Social media boycotts put analytics data to the test as CEOs weigh responses
- Brands facing calls for boycott on social media are under pressure to respond quickly.
- The playbook for handling social media backlash is changing, rooted in more complex data analysis.
On July 9, 2020, Goya Foods CEO, Robert Unanue, praised President Donald Trump in a speech at a White House event. His remarks quickly ignited a backlash on social media, with Rep. Alexandria Ocasio-Cortez and others denouncing the remarks on Twitter and calling for a boycott. Supporters of the president like Sen. Ted Cruz tweeted support for the company, and Trump himself posed for a photo with Goya products.
The Goya CEO stood his ground, and said he would not apologize for his remarks. Given the boycott furor, one might assume Goya sales would plummet. Or, perhaps, the opposite would happen, and the company would recruit a whole new customer base that would swell its sales.
A new study shows that neither of those scenarios occurred. Sales of Goya products did not decline, but grew briefly by as much as 22%. But that net increase was not sustained.
"Despite significant buzz around the Goya scandal, we find that its effect on sales was modest and only lasted for a few weeks, suggesting that both the risks and benefits to a firm of engaging in political discourse may be overblown," stated the report, which was authored by professors from Cornell University, Northwestern University, and Imperial College, London.
As political polarization has become even more pervasive in society, brands may find themselves, consciously or otherwise, drawn into political debates that prompt calls for boycotts on social media.
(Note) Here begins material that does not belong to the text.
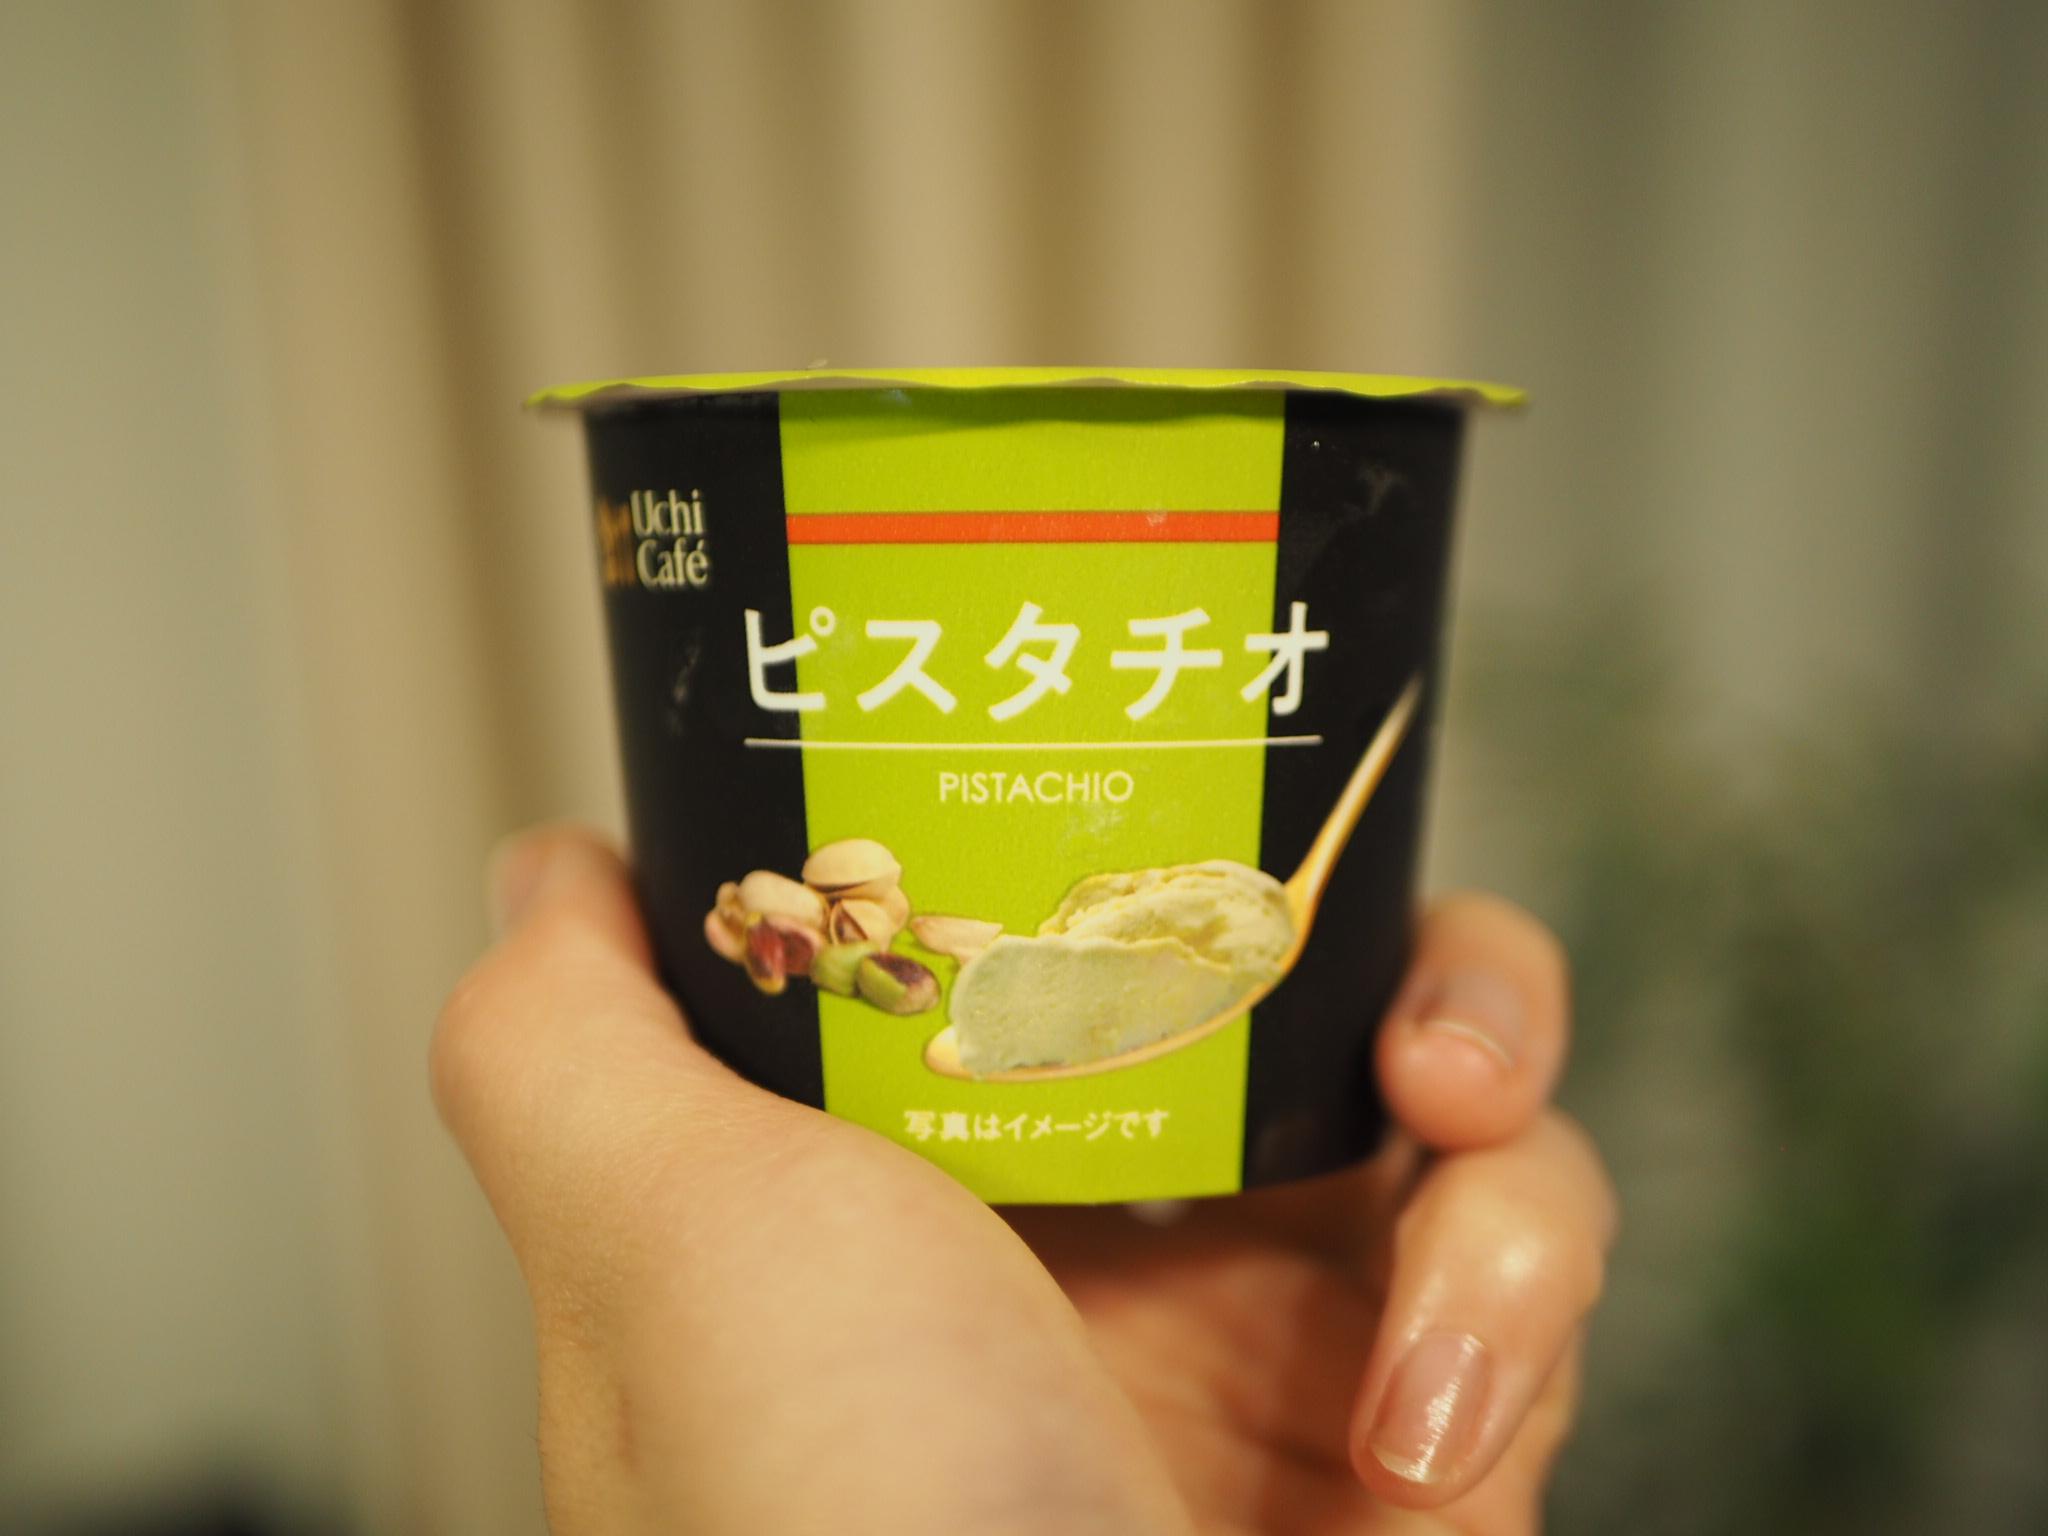 【ローソン新作】人気急上昇中の《ピスタチオアイス》が続々登場!♡_7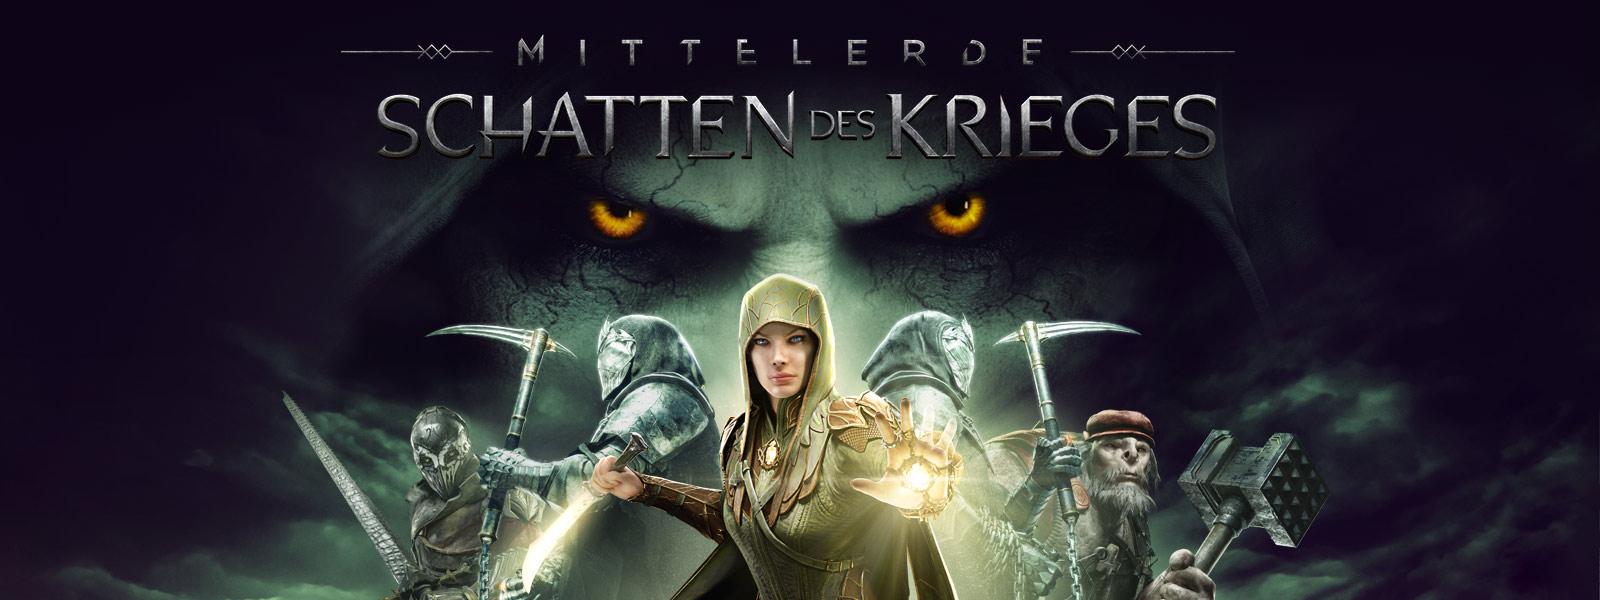 Mittelerde: Schatten des Krieges, Eltariel vor 4 Figuren mit großen glühenden Augen

CEOs and other executives, like Unanue, will have to make decisions about how they should respond — if at all — when social media sentiment seems to be galvanizing against your brand.
Traditional analytics is no longer enough
Conventional wisdom about social crises is to mount a rapid response in order to stem the backlash. But there are other strategies for managing these situations that deeper data analysis can support.
"Social media analysis is not always straightforward, and the standard metrics we've been using for the last ten years aren't enough," said Ethan Bauley, head of innovation in North America at Weber Shandwick, a global communications agency.
Bauley said he has been looking at the ways that social platforms, as well as the analytics platforms themselves, can be "gamed" to convey distorted perspectives on how issues are resonating.
"Creating the illusion of support for things, getting things trending in a way that's not completely authentic is something that has been obviously tested out and perfected by a variety of different actors over the last several years," he said.
"Those same kinds of techniques and tactics can affect what clients see in a social media dashboard that's giving you a line chart about how many mentions there are of a certain phrase or keyword."
As the line chart goes up, c-suite leaders consider options for responding. But Bauley says that's when companies need to look deeper at the data, which Weber has been doing in collaboration with a data intelligence company called Blackbird.AI.
"If you're able to look a little bit deeper using some new kinds of metrics and methodologies that we've been developing," he said. "You can actually get more quickly underneath those things, and see, actually, is this actually being kind of manufactured? Is this an echo chamber that's getting really excited about an issue, because it's a proof point in some bigger agenda for them?"
Bauley gave an example of a client that was facing calls on social media to boycott its products over a global geopolitical issue, about which the company felt it was being misrepresented.
Leveraging insights from Blackbird.AI analysis, the team found that while the response to the issue was sizable and growing, it was essentially contained within an echo chamber of activists, but not resonating beyond that.
The first impulse for the company leaders was to, in common social parlance, "join the conversation," and explain their position in response to the social chatter. The input from the data analysis led them to predict that the spike would not extend beyond the core, albeit large, activist group, and the company elected to take a wait-and-see approach.
In fact, the spike did rapidly subside and there were no perceived repercussions for the brand.
This type of analysis does not come from only one source. It's tied to a deeper, ongoing understanding of the company's stakeholders, over time. "Organizations need new kinds of expertise in social sciences, politics, crisis management, and media to understand the "why" behind a social post," said Bauley. "This background — and the insights that result from it — will help organizations make better decisions."